:: Problem ::
I'd ask you to write out the lines below exactly, with no images.

*** Dataset extract Section Begins ***

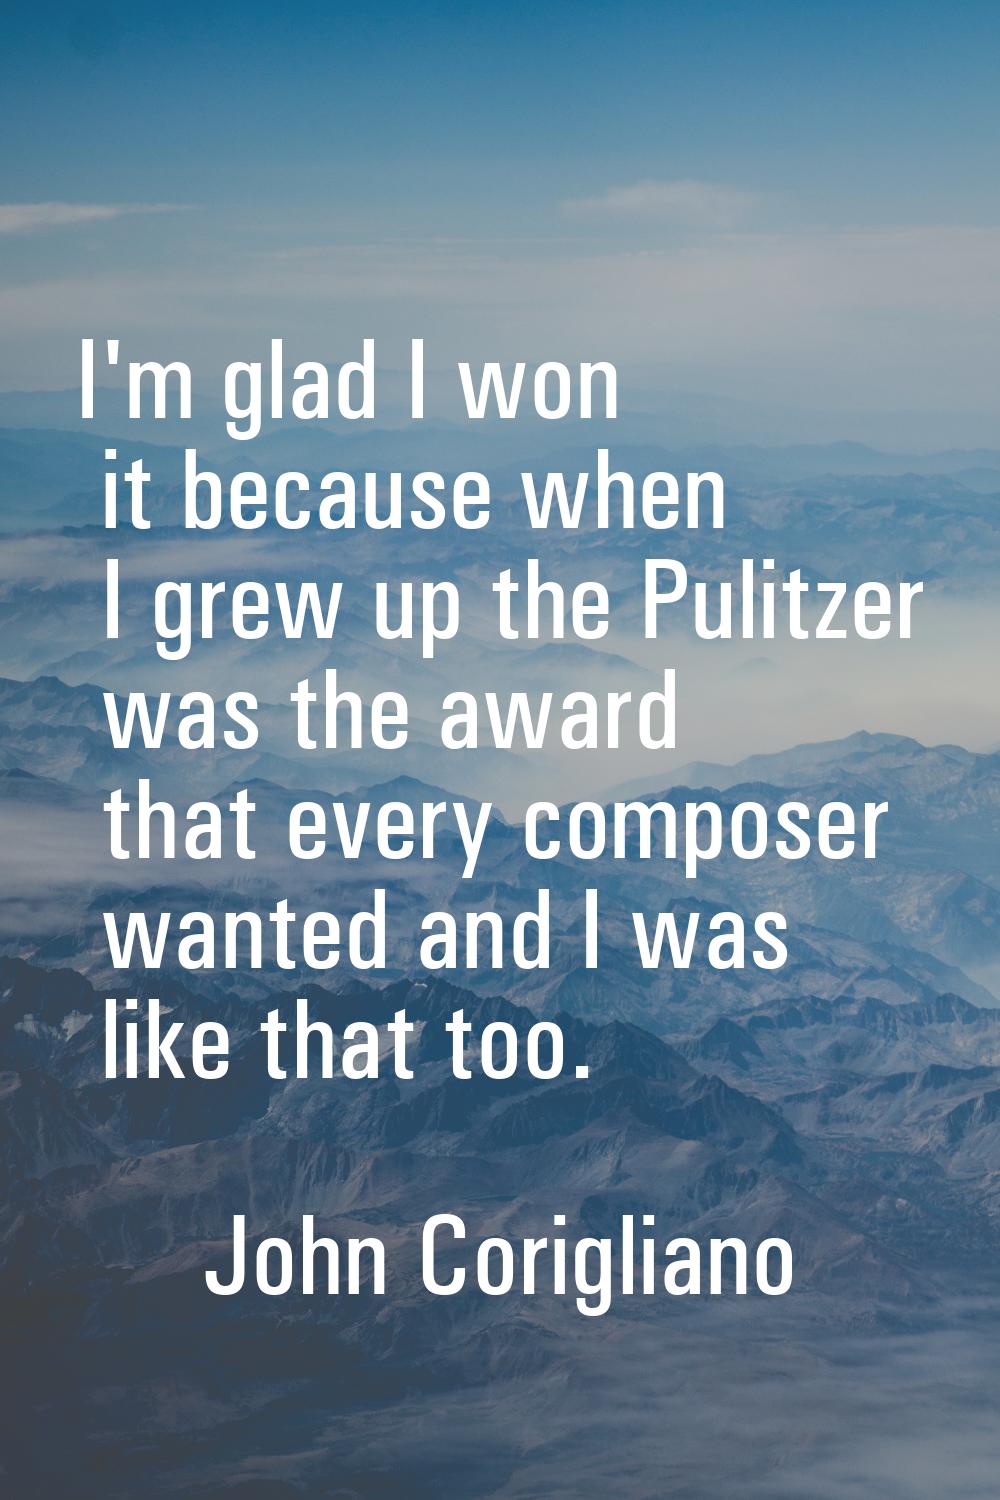 I'm glad I won it because when I grew up the Pulitzer was the award that every composer wanted and 
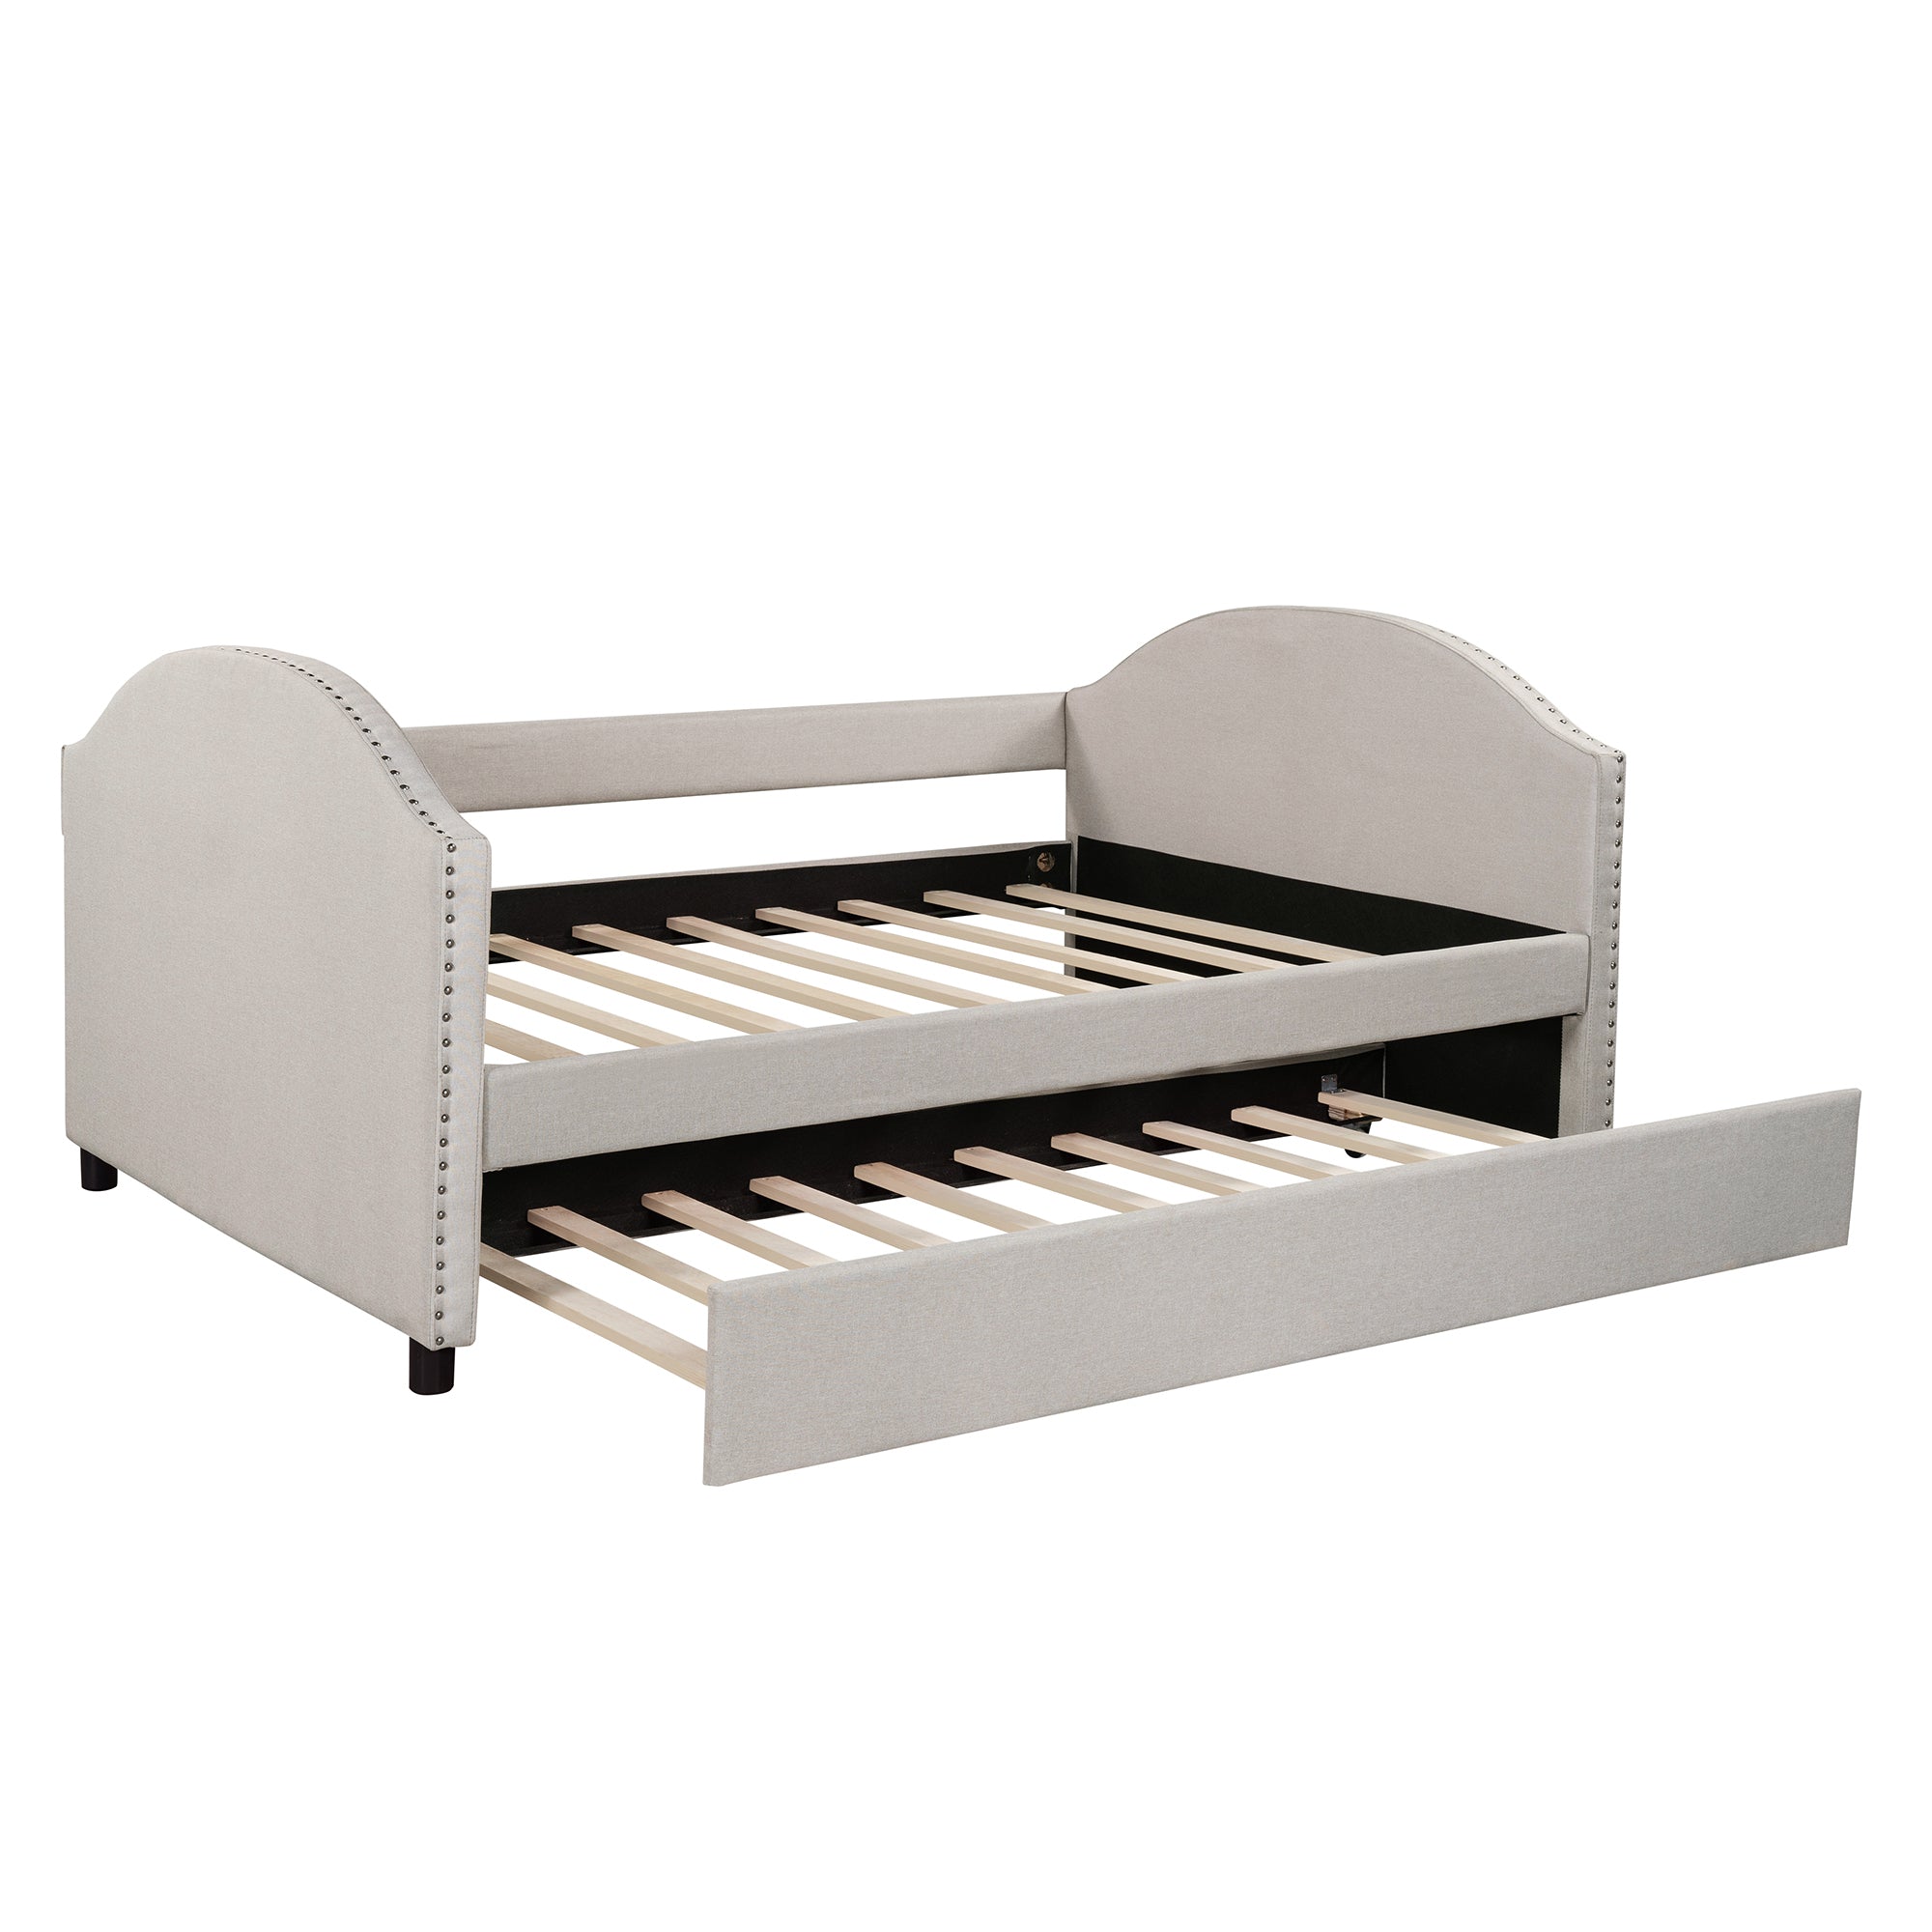 Full size Upholstered Daybed with Twin Size Trundle (Beige)
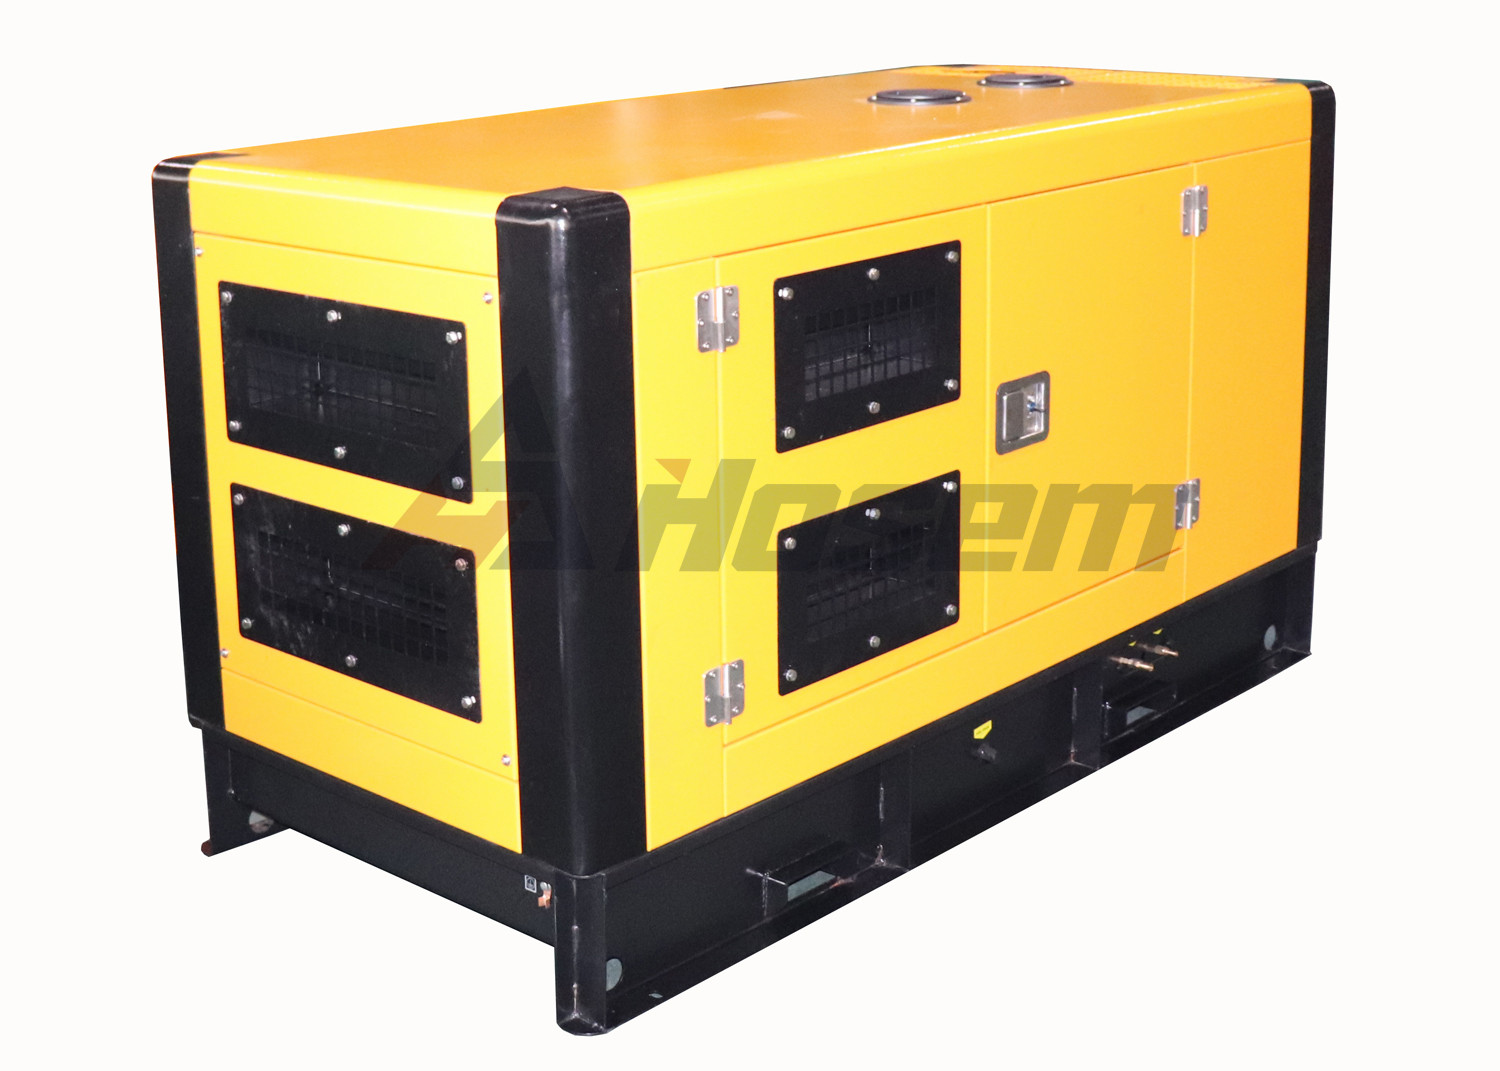 Cummins Industrial Generator Rate Output 50kW For Factory

*** Dataset extract Section Ends ***

:: Written answer ::
 I'm glad I won it because when I grew up the Pulitzer was the award that every composer wanted and 
 Full size Upholstered Daybed with Twin Size Trundle (Beige)
 Cummins Industrial Generator Rate Output 50kW For Factory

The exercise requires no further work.